Description
The Display
implementations for Path
, PathBuf
, OsStr
, and OsString
incorrectly handle Formatter<'_>
flags. This is visible on stable (for paths) or with #![feature(os_str_display)]
(for OS strings).
Background
On Windows, these types convert from wide strings (u16
) to WTF-8 and the only invalid sequences are unpaired surrogate halves. On other systems, these types use conventional UTF-8 and may have any kind of invalid sequence.

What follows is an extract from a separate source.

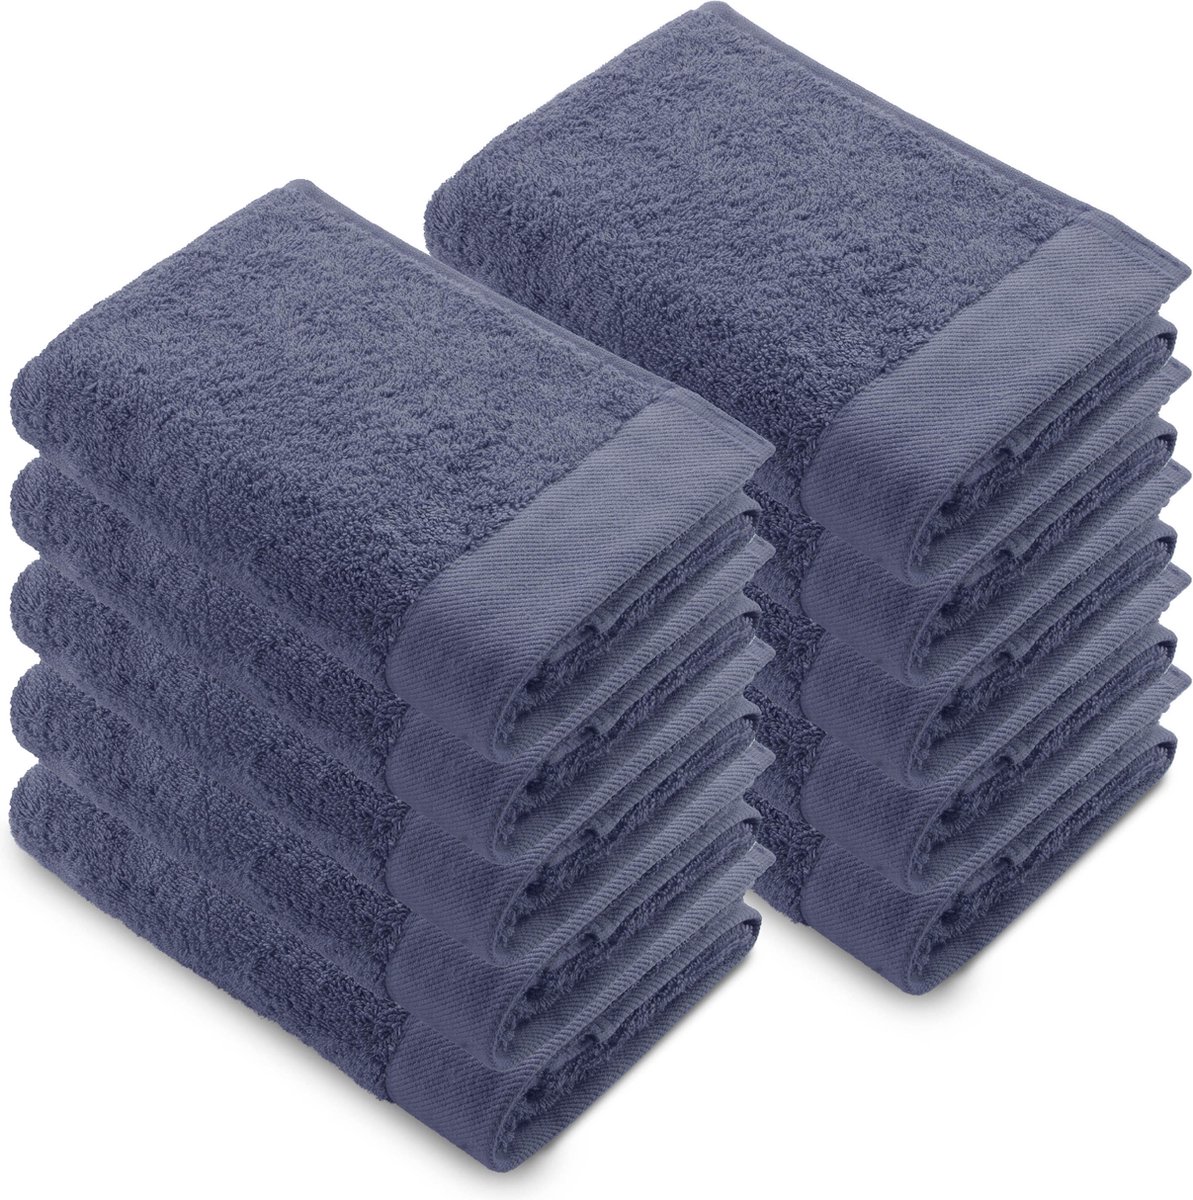 Walra Remade Handdoeken 50x100 - set van 10 - Zware kwaliteit 550 g/m2 - Blauw
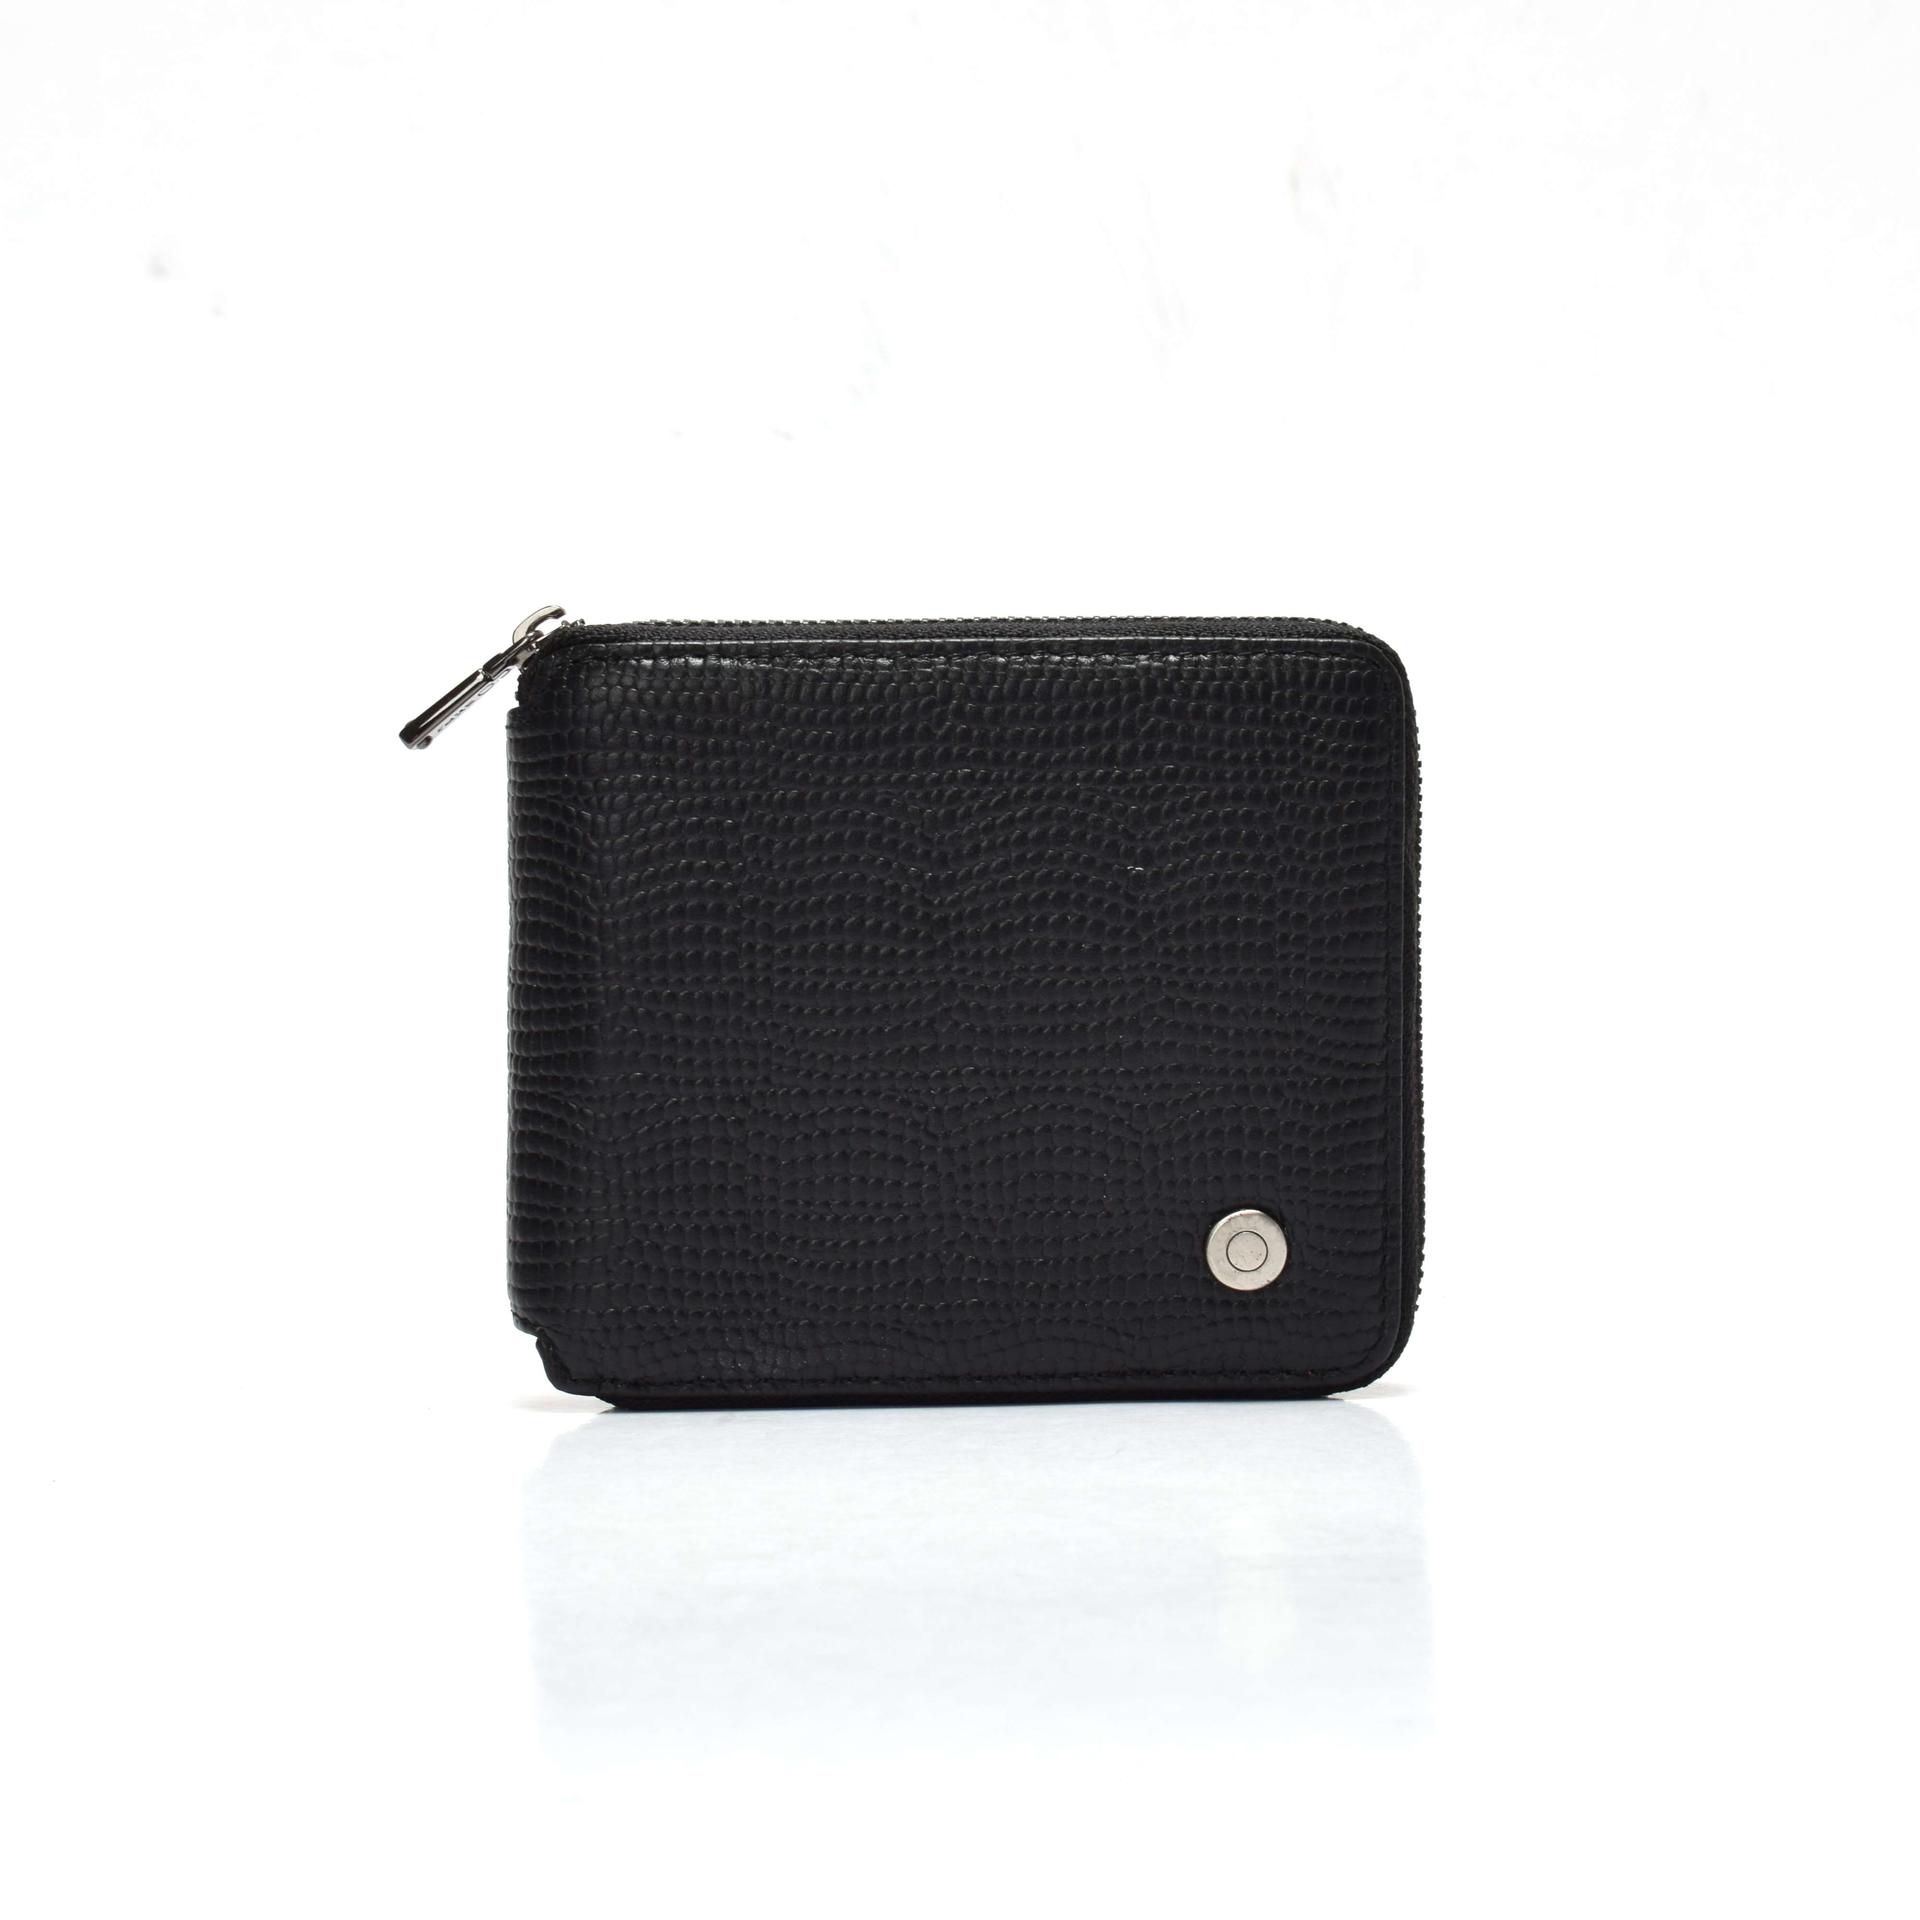 Square wallet for women  Lizard leather wallet  zipped wallet

The Display
implementations replace such invalid sequences with the replacement character U+FFFD. This is done by iterating over valid chunks, where each is followed by an invalid sequence.
Bugs
In the Windows implementation, Wtf8
, when the full string is valid UTF-8, it forwards the formatter args by calling Display::fmt(s, f)
, so it is padded as requested in most cases. However, when it is invalid, the formatter args are ignored. In the non-Windows implementation, Bytes
, the last valid chunk is formatted with Display::fmt(last_chunk, f)
, but all other chunks with f.write_str(s)
. This is not only inconsistent, but it can display padding inside the string data.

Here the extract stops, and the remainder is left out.